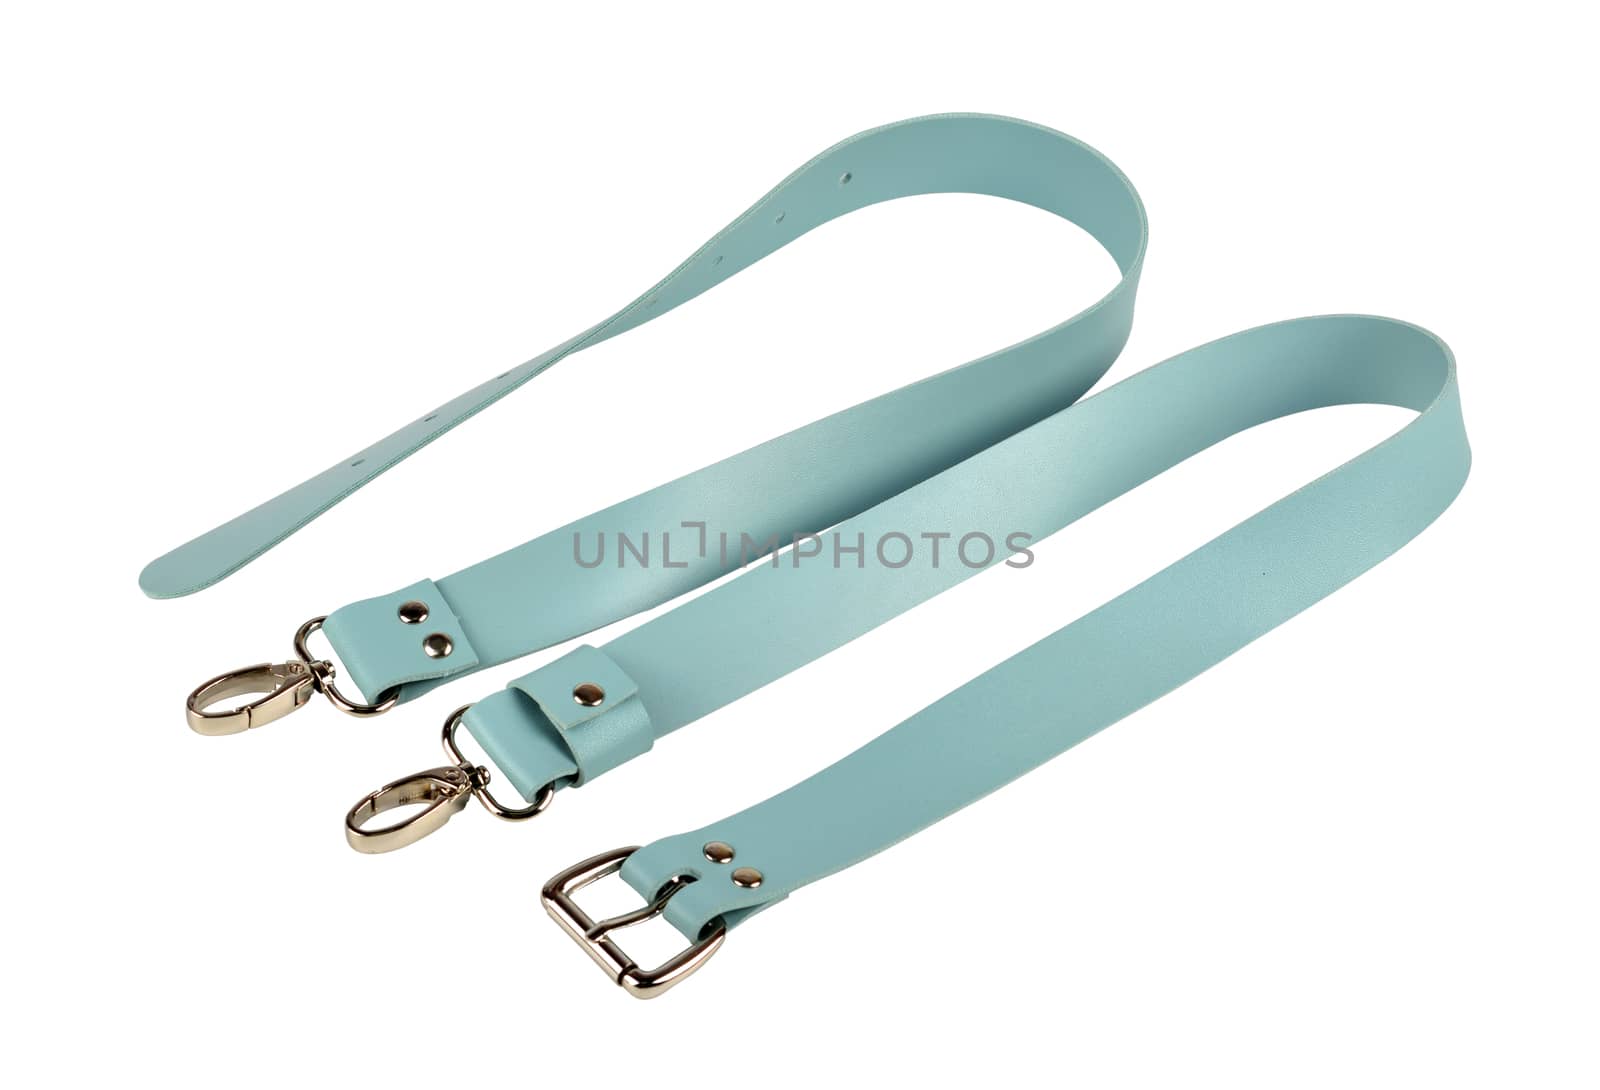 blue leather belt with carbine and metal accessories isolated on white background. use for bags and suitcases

==

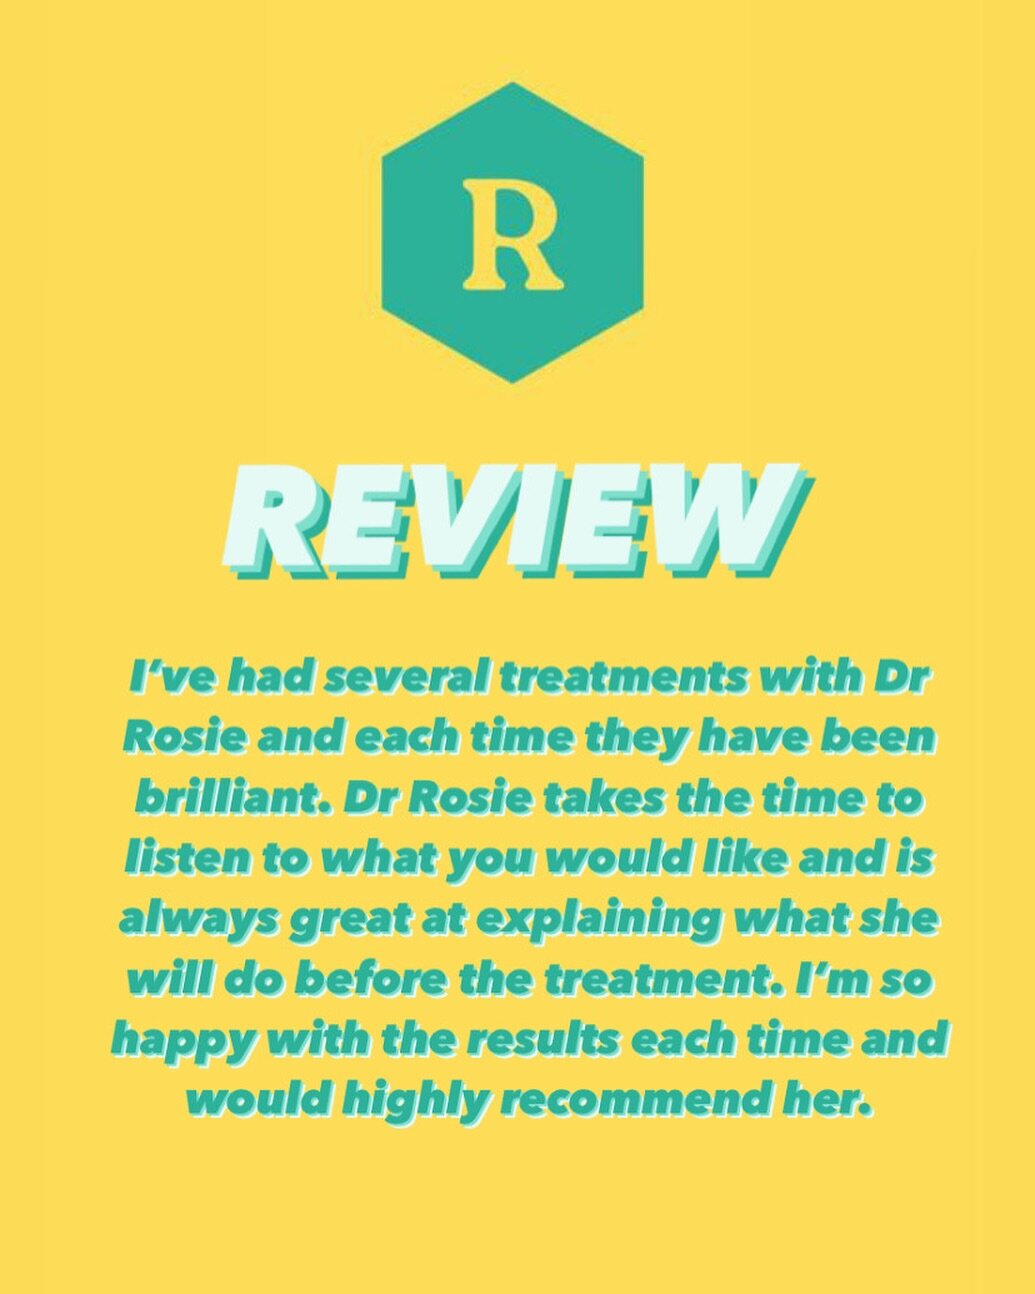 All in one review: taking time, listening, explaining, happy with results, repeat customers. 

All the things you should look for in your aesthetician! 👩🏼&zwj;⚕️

**Work instruction**
Print exactly, with no pictures, the lines above from the one that holds "All in one review: taking" through the one that holds "All the things", both of them included.

**Answer space**
 All in one review: taking time, listening, explaining, happy with results, repeat customers. 

All the things you should look for in your aesthetician! 👩🏼&zwj;⚕️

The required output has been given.